- _Work request_:
Since the copy must hold text only, transcribe the data below exactly and omit the images.

- _The data_:
== Segment start ==
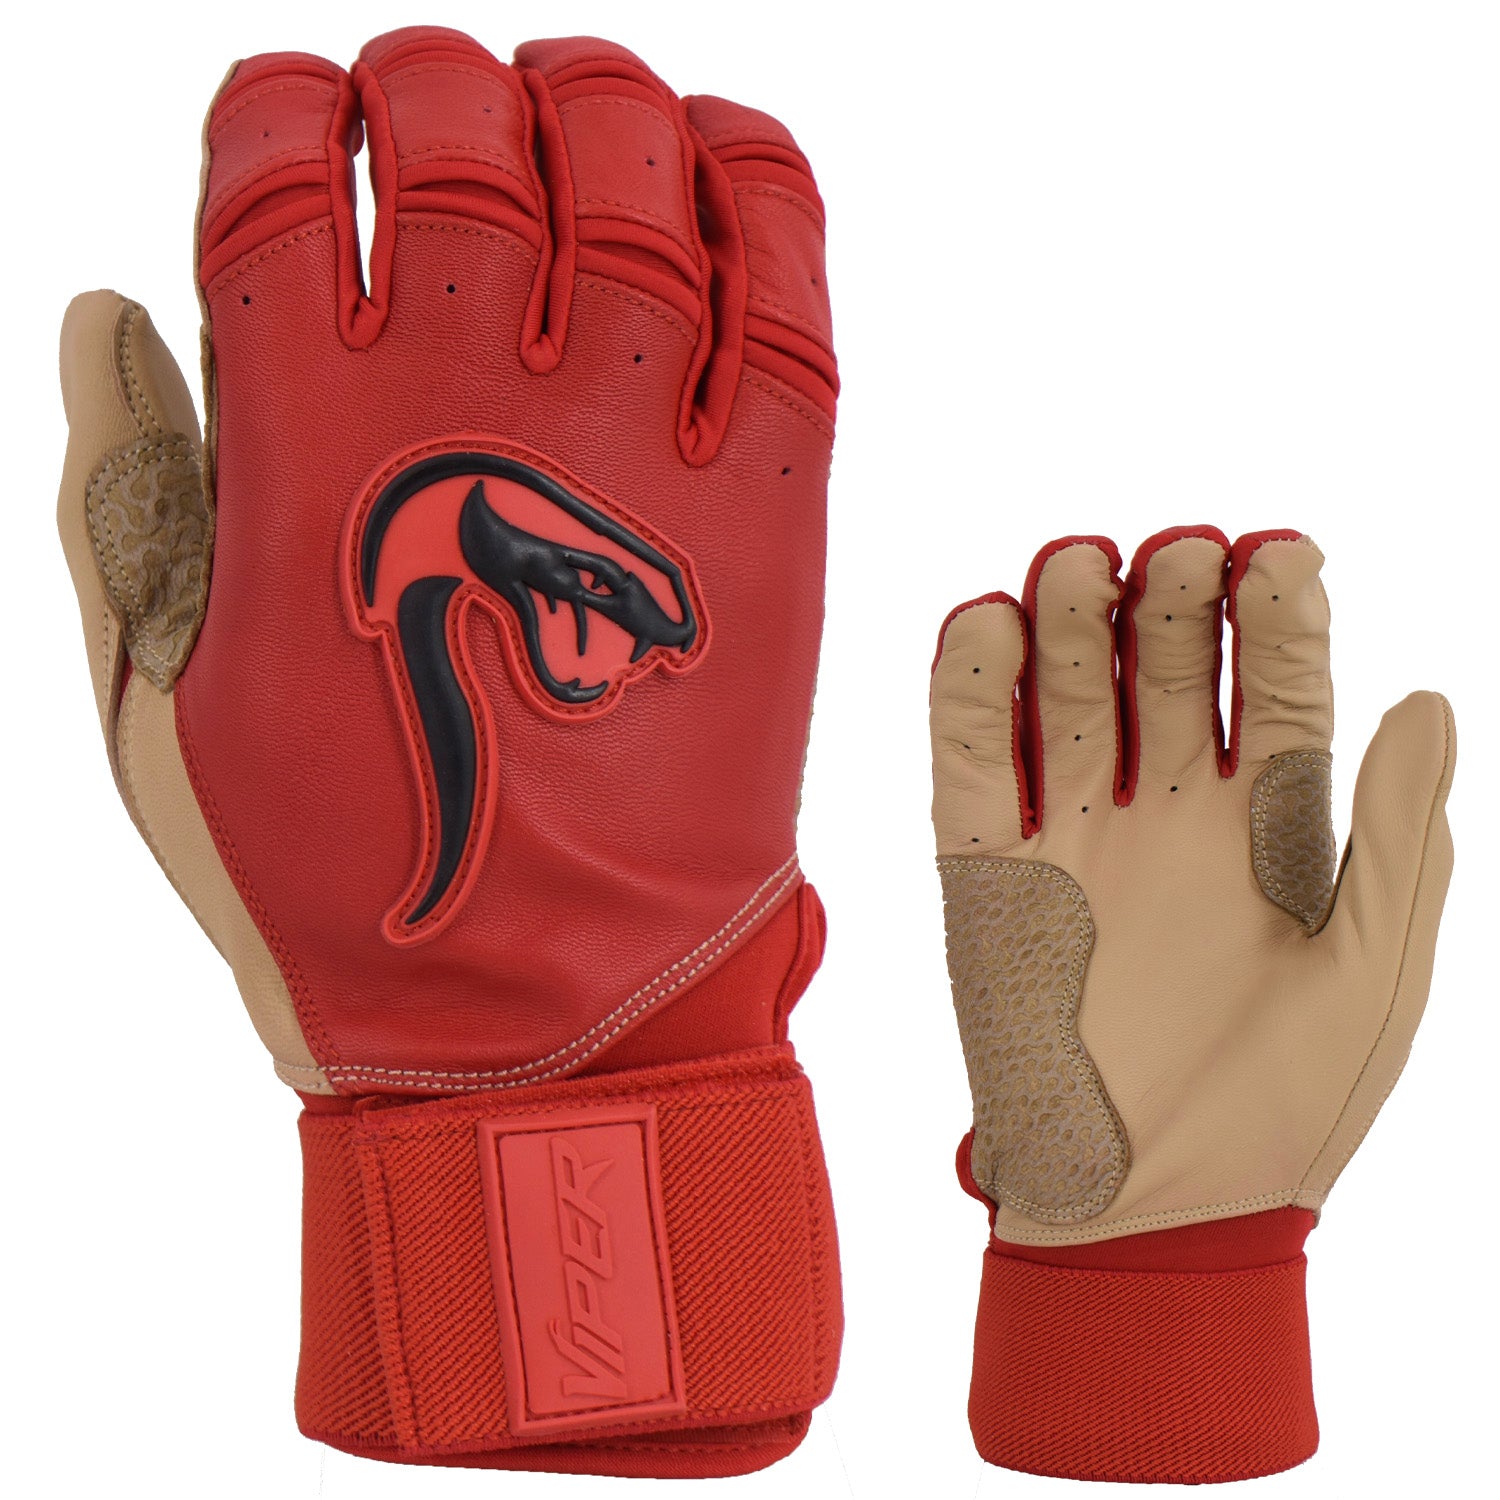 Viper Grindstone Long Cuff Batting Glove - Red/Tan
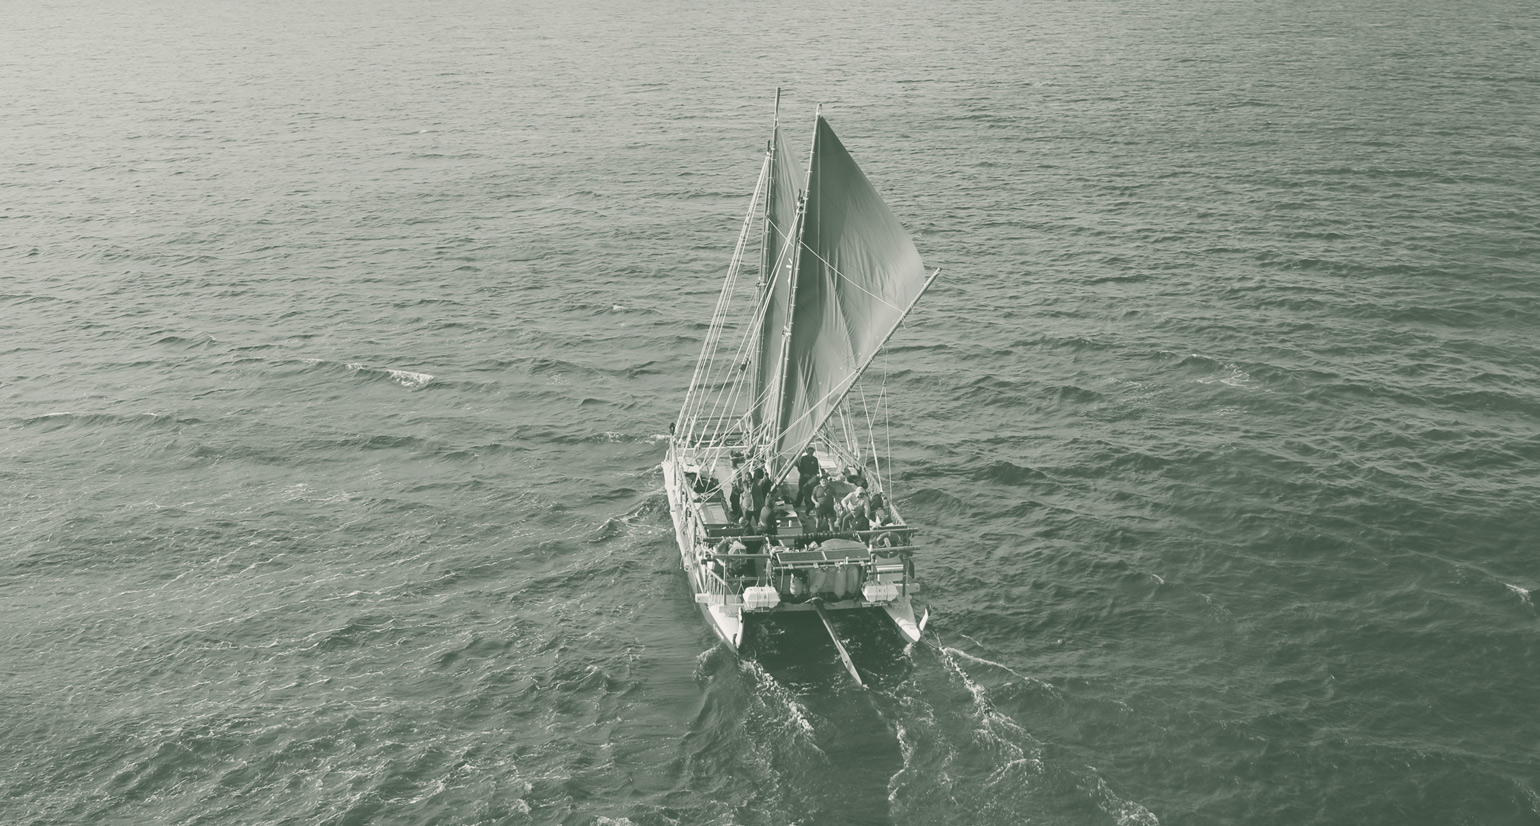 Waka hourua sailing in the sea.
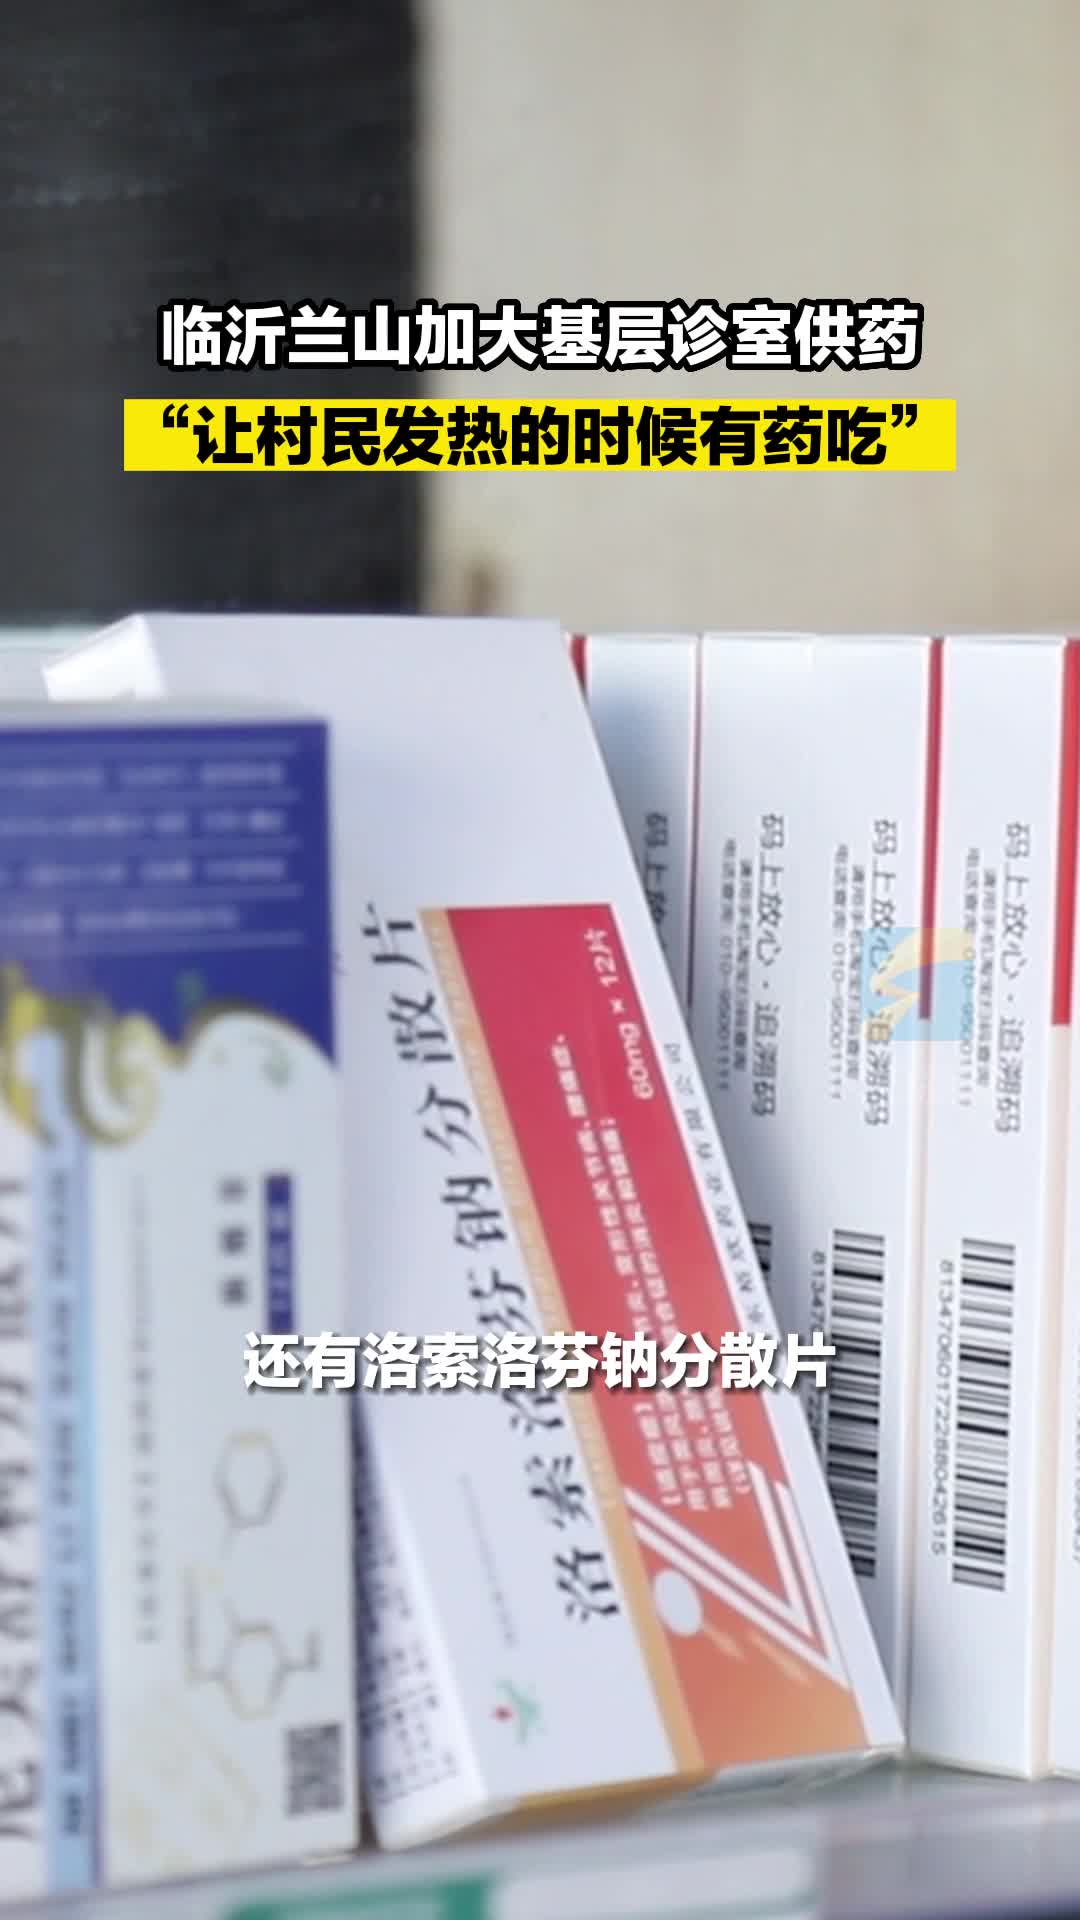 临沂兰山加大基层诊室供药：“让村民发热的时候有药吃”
== Segment end ==
- _Reply to the task_:
 Viper Grindstone Long Cuff Batting Glove - Red/Tan
 Waka hourua sailing in the sea.
 临沂兰山加大基层诊室供药：“让村民发热的时候有药吃”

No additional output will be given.